Please note that 'y' is a factor.[...]

This works:

break_down(explainer_rf, new)

This throws an error:

break_down(x=model, data = HR[1:1000,1:5], predict_function = predict, new_observation = new)

Error in break_down.default(x = model, data = HR[1:1000, 1:5], new_observation = new, :
promise already under evaluation: recursive default argument reference or earlier problems?

This throws an error:

local_attributions(x=model, data = HR[1:1000,1:5], predict_function = predict, new_observation = new)

Error in colMeans(yhatpred) : 'x' must be numeric

I guess that the problem is in the predict function for randomForest.
For classification by default the predict.randomForest returns classes not scores and other functions cannot calculate averages from classes.

DALEX has overloaded yhat function for prediction, and the DALEX:::yhat.randomForest recognizes classification forests. In such case it is using pred <- predict(X.model, newdata, type = "prob", ...).

So this example shows that it is better to use DALEX adapters, because otherwise user needs to define own predict_fucntion for some models

This example shows the real problem:

library("iBreakDown")
library("DALEX")

titanic <- na.omit(titanic)
set.seed(1313)
titanic_small <- titanic[sample(1:nrow(titanic), 500), c(1,2,3,6,7,9)]
new <- titanic_small[1,]

model_titanic_glm <- glm(survived == "yes" ~ gender + age + fare + class + sibsp,
                         data = titanic_small, family = "binomial")
explain_titanic_glm <- explain(model_titanic_glm,
                               data = titanic_small[,-6],
                               label = "glm")
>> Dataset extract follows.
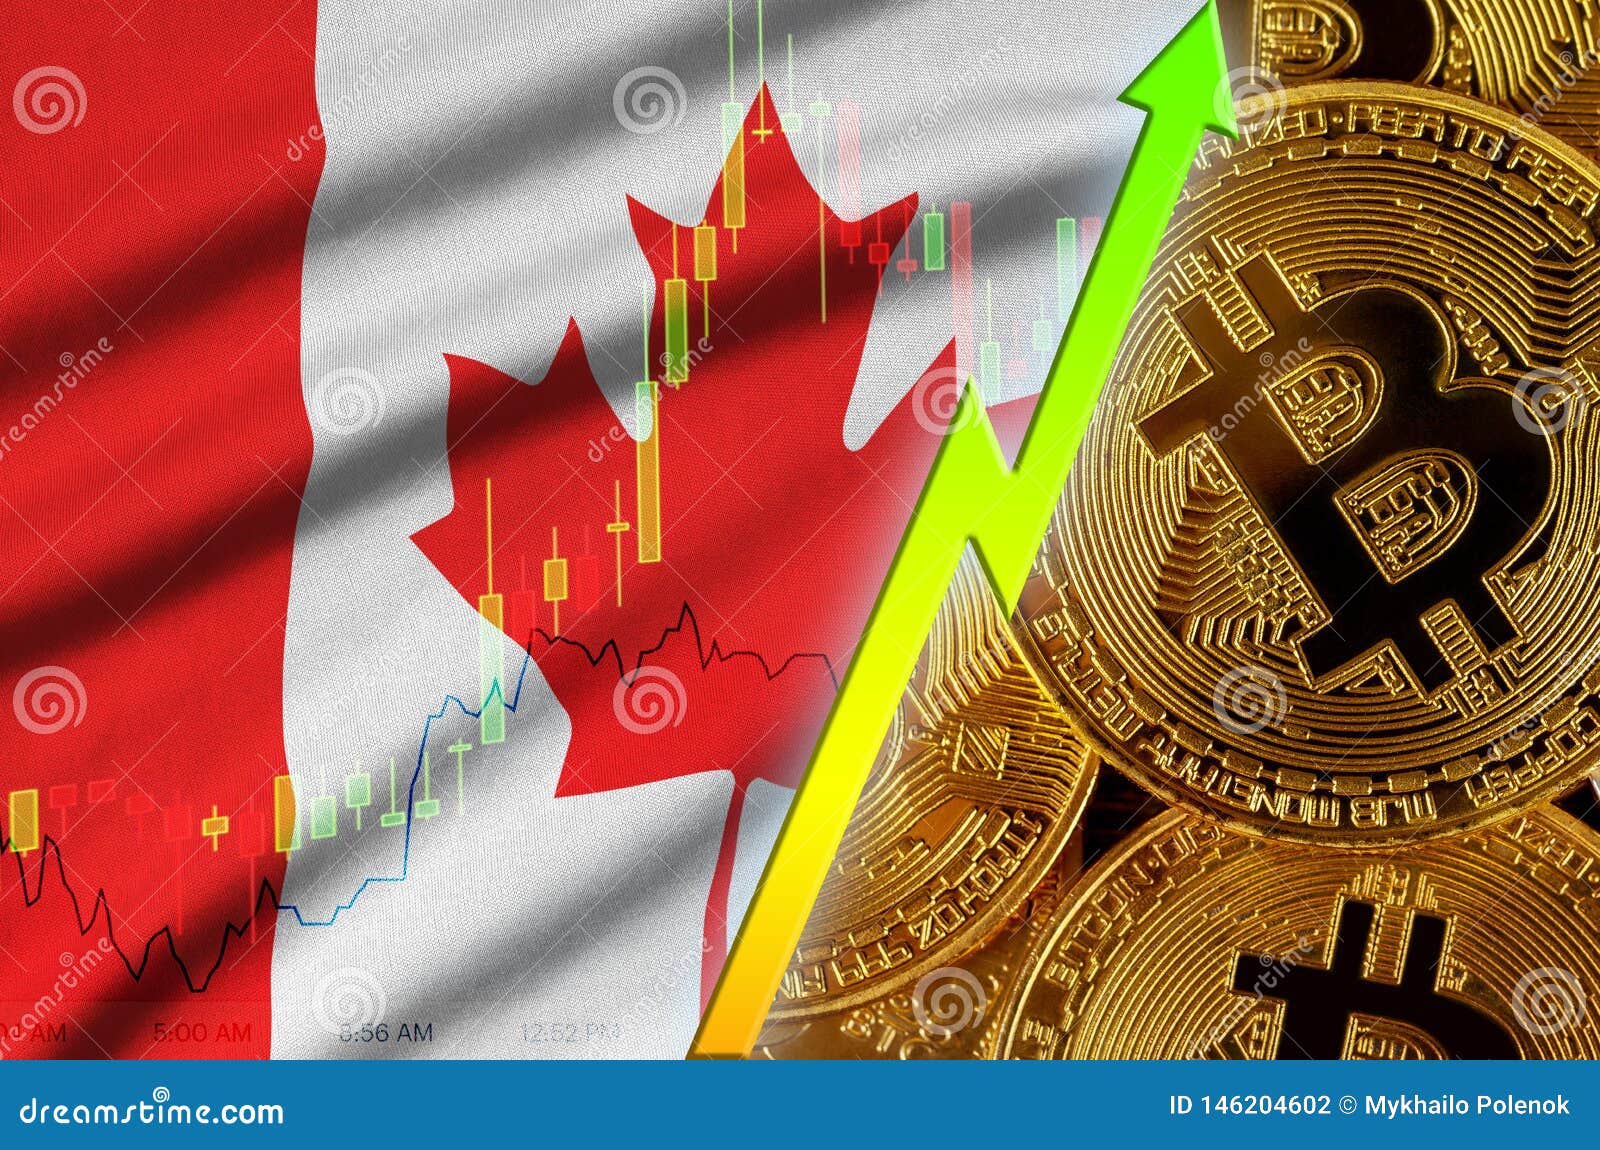 Cryptocurrency List Price Canada : The pros and cons of ...

break_down(explain_titanic_glm, new)

contribution
glm: intercept 0.298
glm: age = 50 -0.118
glm: gender = male -0.086
glm: class = 2nd -0.046
glm: sibsp = 0 0.005
glm: fare = 13 0.000
glm: prediction 0.053

break_down(model_titanic_glm,
           data =  titanic_small[,-6],
           label = "glm",
           new_observation = new)

Error

local_attributions(model_titanic_glm,
                   data =  titanic_small[,-6],
                   label = "glm",
                   new_observation = new)

contribution
glm: intercept -1.139
glm: age = 50 -1.043
glm: gender = male -0.613
glm: class = 2nd -0.284
glm: sibsp = 0 0.195
glm: fare = 13 0.010
glm: prediction -2.873

Shouldn't output be the same? Should the warning be added?

The difference between

break_down(explain_titanic_glm, new)

and

local_attributions(model_titanic_glm,
                   data =  titanic_small[,-6],
                   label = "glm",
                   new_observation = new)

is in the predict function.

By default DALEX::yhat returns probabilities for given glass
while the default local_attributions returns the default stats:::predict.glm which is a link function (i.e. logit(probability)).

May be surprising, but again IMHO its the reason why we shall use DALEX::explainer, otherwise we need to guess that is returned by a specific predict(). For DALEX::explain by default we will always get probabilities and we can compare probabilities between different models.

It's not clear for me why

break_down(model_titanic_glm,
           data =  titanic_small[,-6],
           label = "glm",
           new_observation = new)

is not working. This is tricky.

There could be a warning when not using DALEX::explain().
Fixed the error with #44

Right, but then all *.default functions from auditor, iBreakDown, ingredients need to warn user it the default predict() is used. Let's discuss this f2f

And thanks for fix #44

This was resolved with new DALEX::explain()